RAW DATA section start

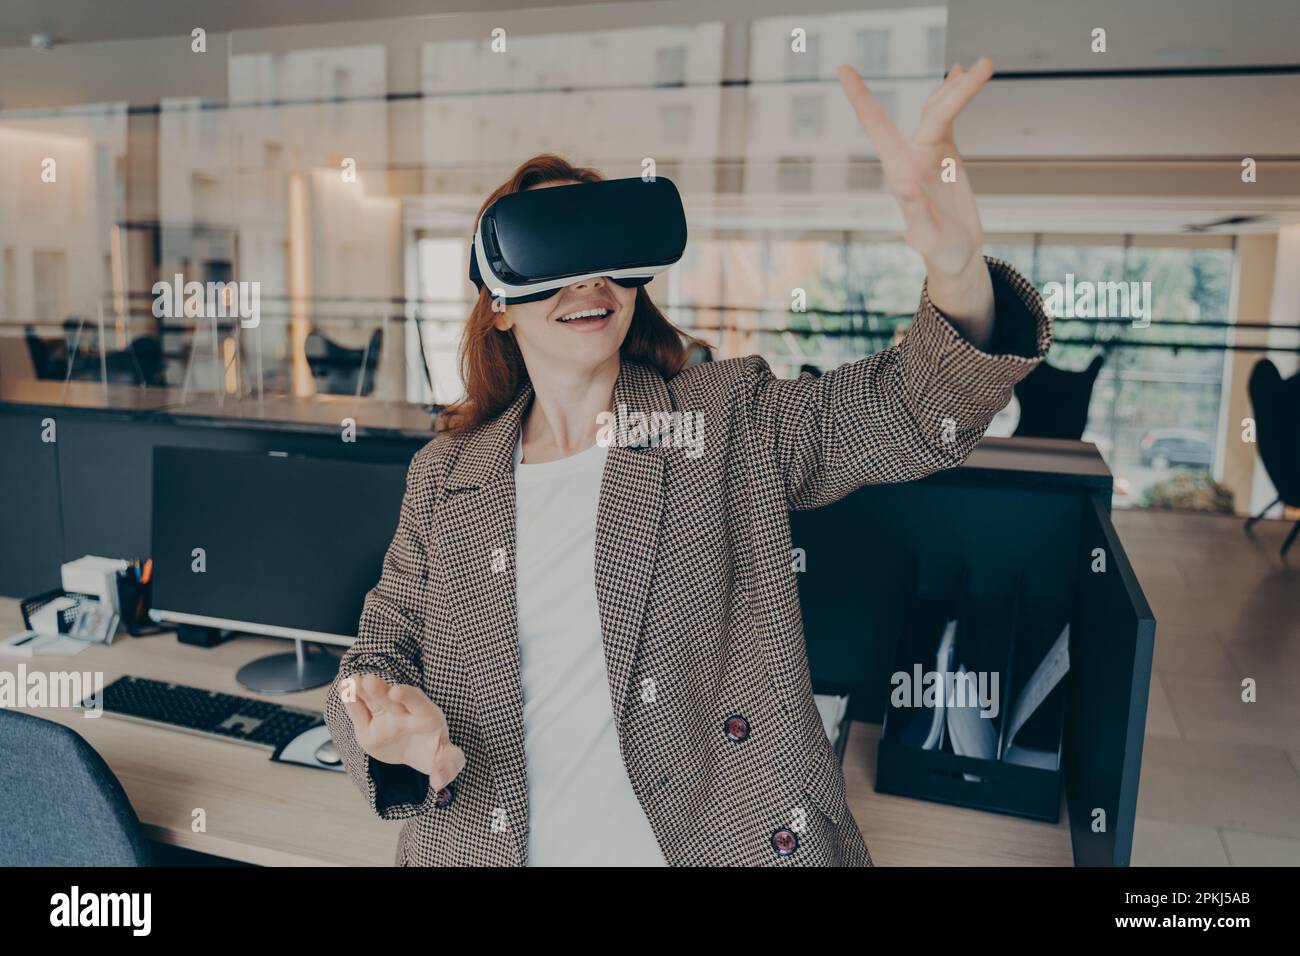 Employée de bureau utilisant la réalité virtuelle pour visualiser et parcourir les fichiers de projet, utilisant ses mains pour contrôler les objets dans le monde numérique, les affaires enthousiastes Banque D'Images
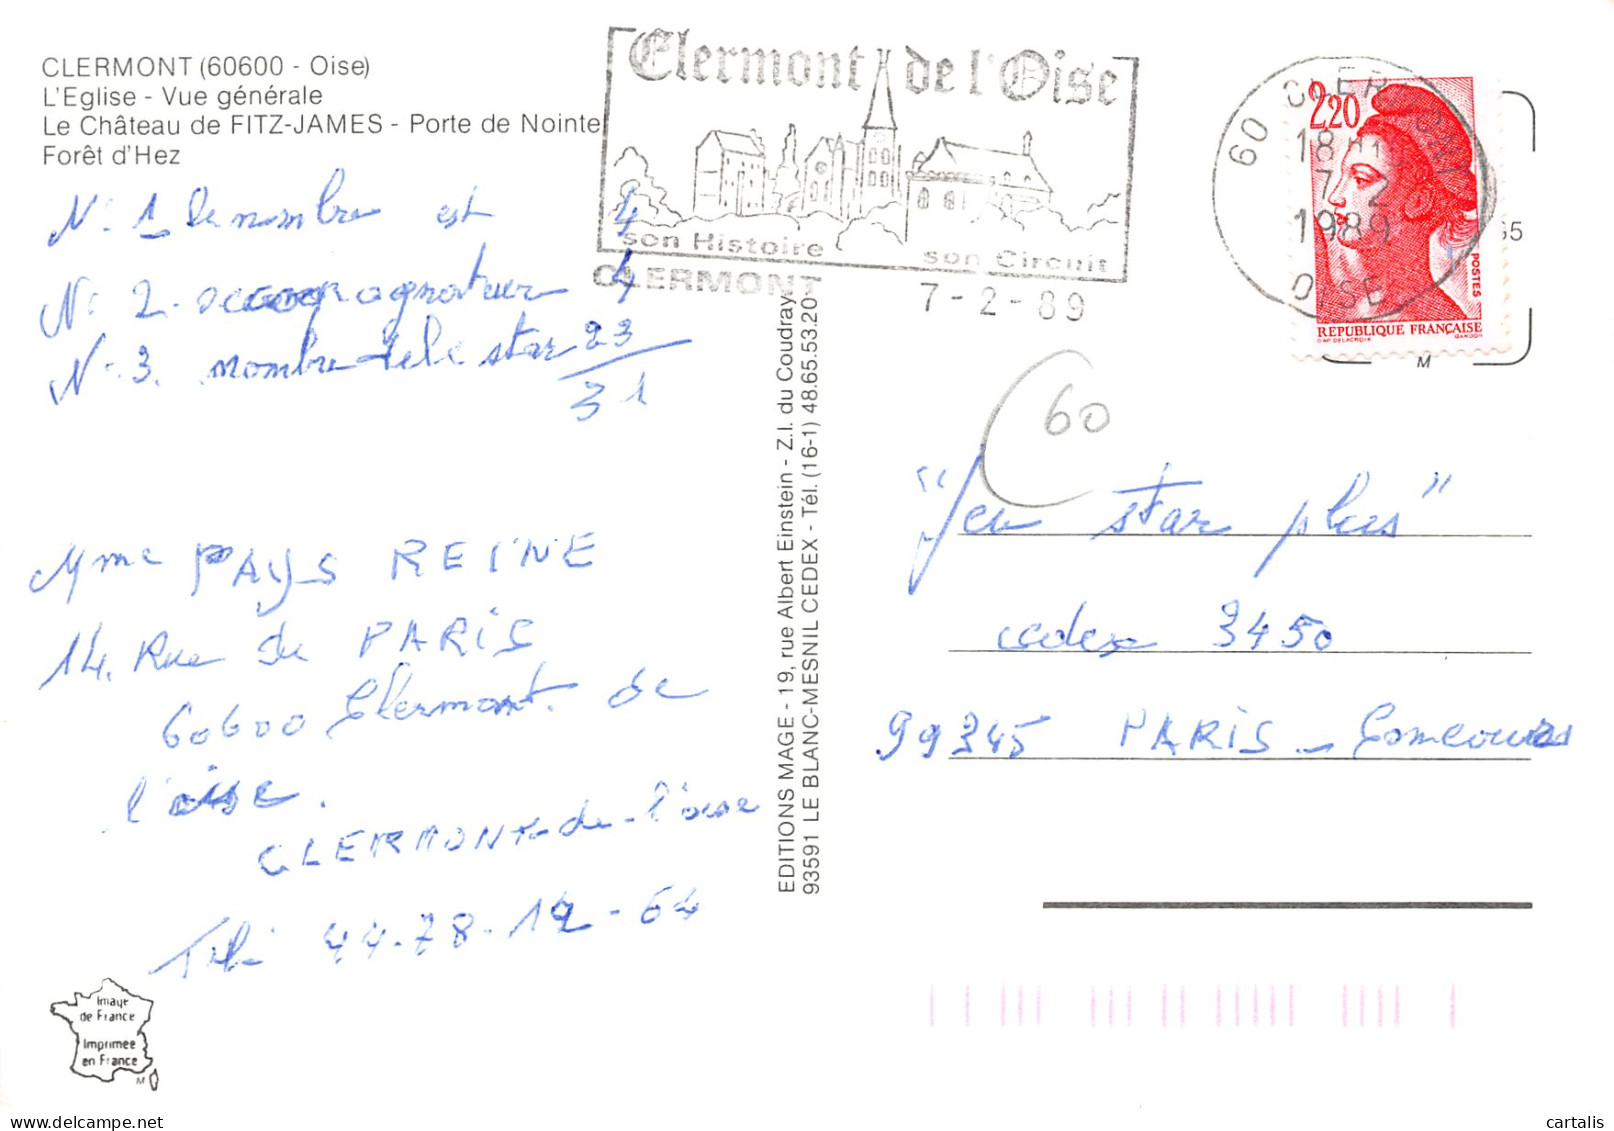 60-CLERMONT DE LOISE-N°3740-B/0165 - Clermont
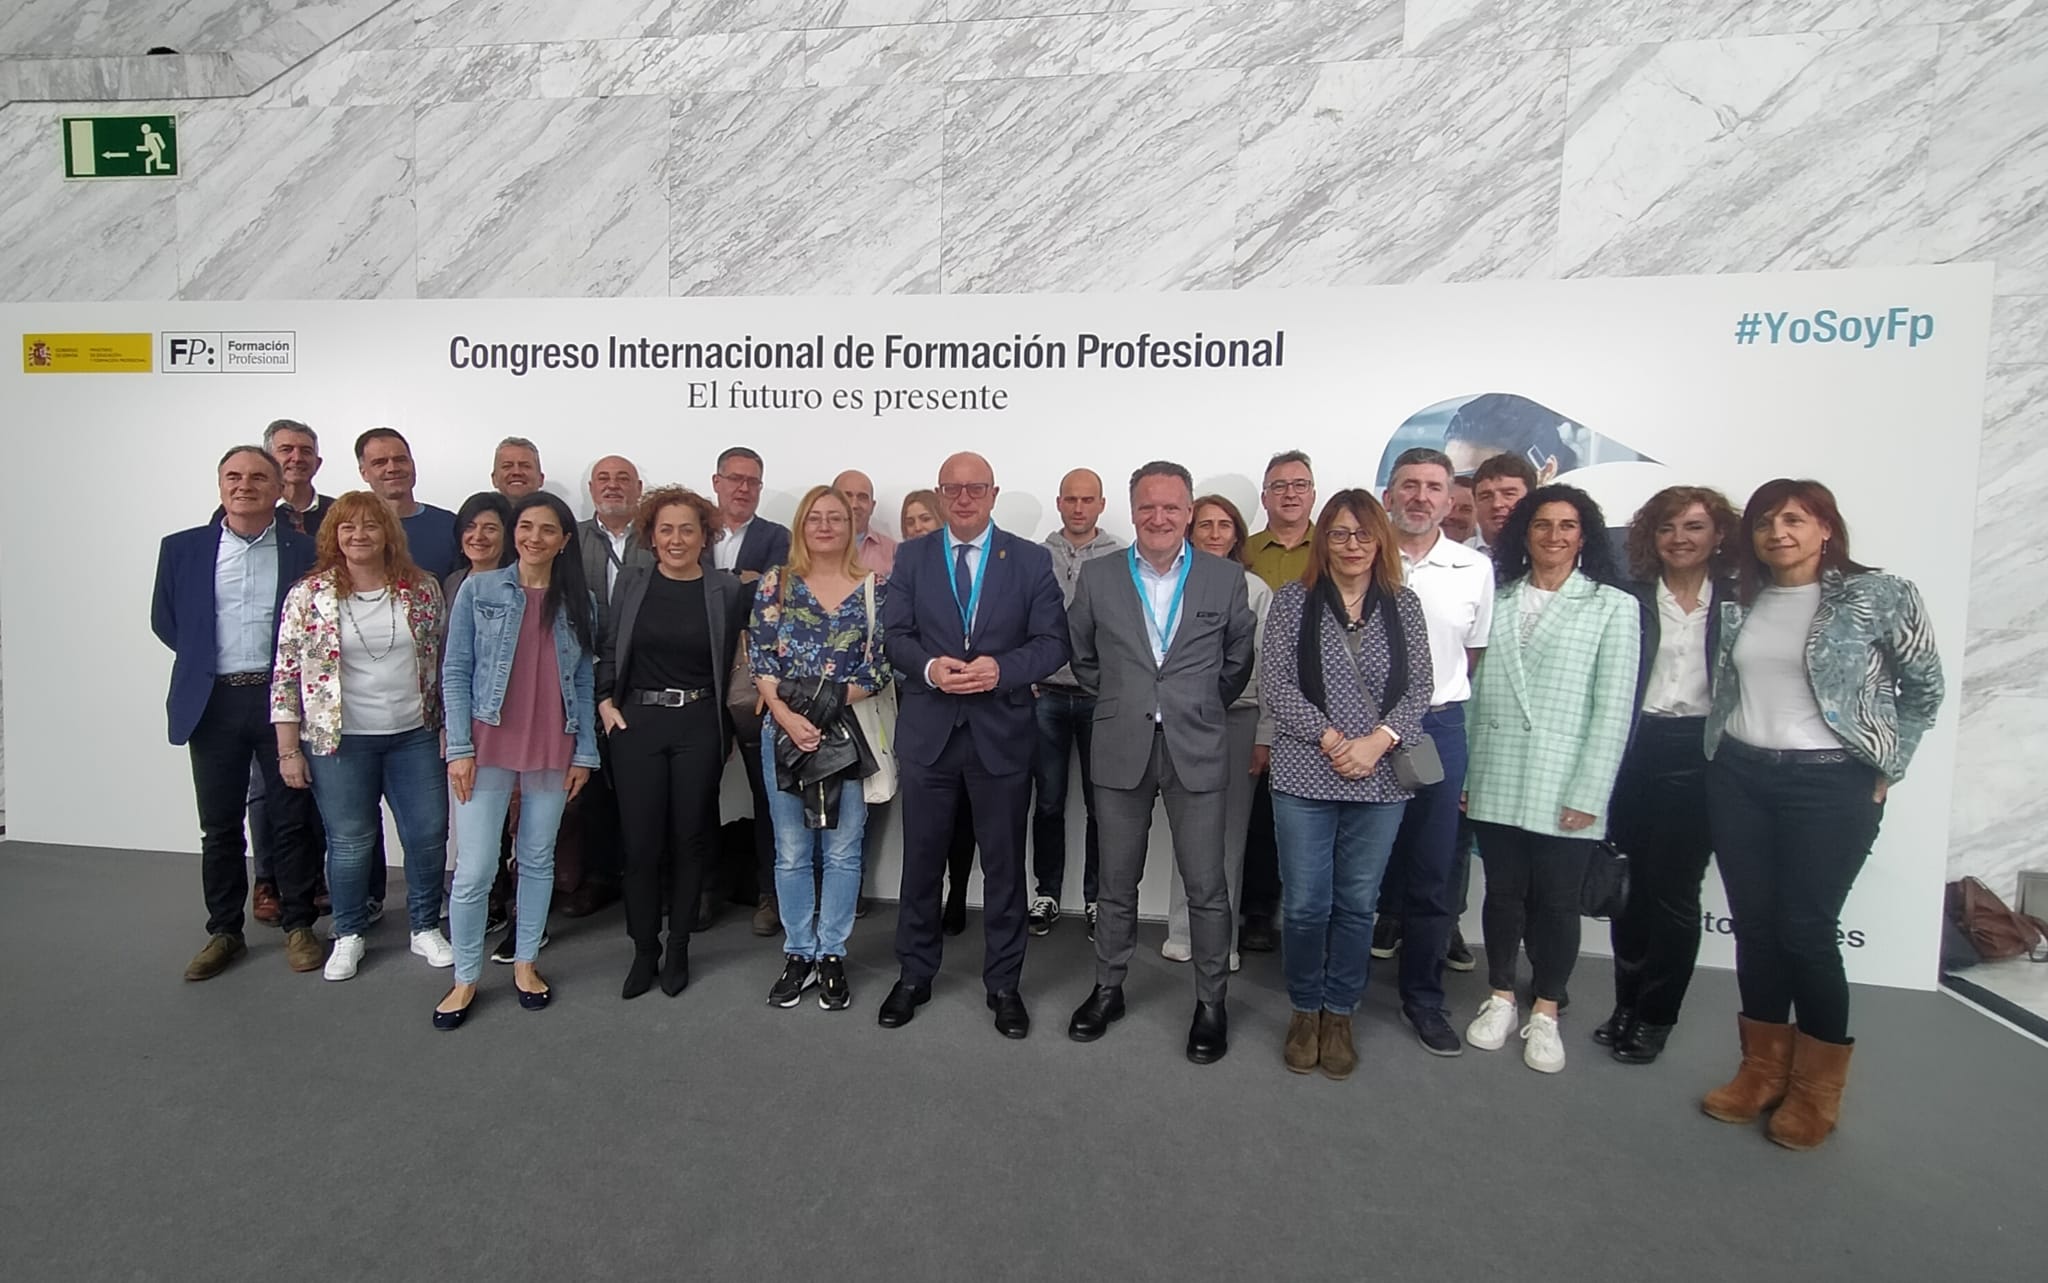 Treinta personas forman la delegación navarra en el Congreso Internacional de FP “El futuro es presente” que se inicia hoy en Madrid

RAW DATA section end

## PROBLEM
Would you copy out every line of the data above exactly, minus the pictures?

## SOLUTION TO THE PROBLEM
 Employée de bureau utilisant la réalité virtuelle pour visualiser et parcourir les fichiers de projet, utilisant ses mains pour contrôler les objets dans le monde numérique, les affaires enthousiastes Banque D'Images
 60-CLERMONT DE LOISE-N°3740-B/0165 - Clermont
 Treinta personas forman la delegación navarra en el Congreso Internacional de FP “El futuro es presente” que se inicia hoy en Madrid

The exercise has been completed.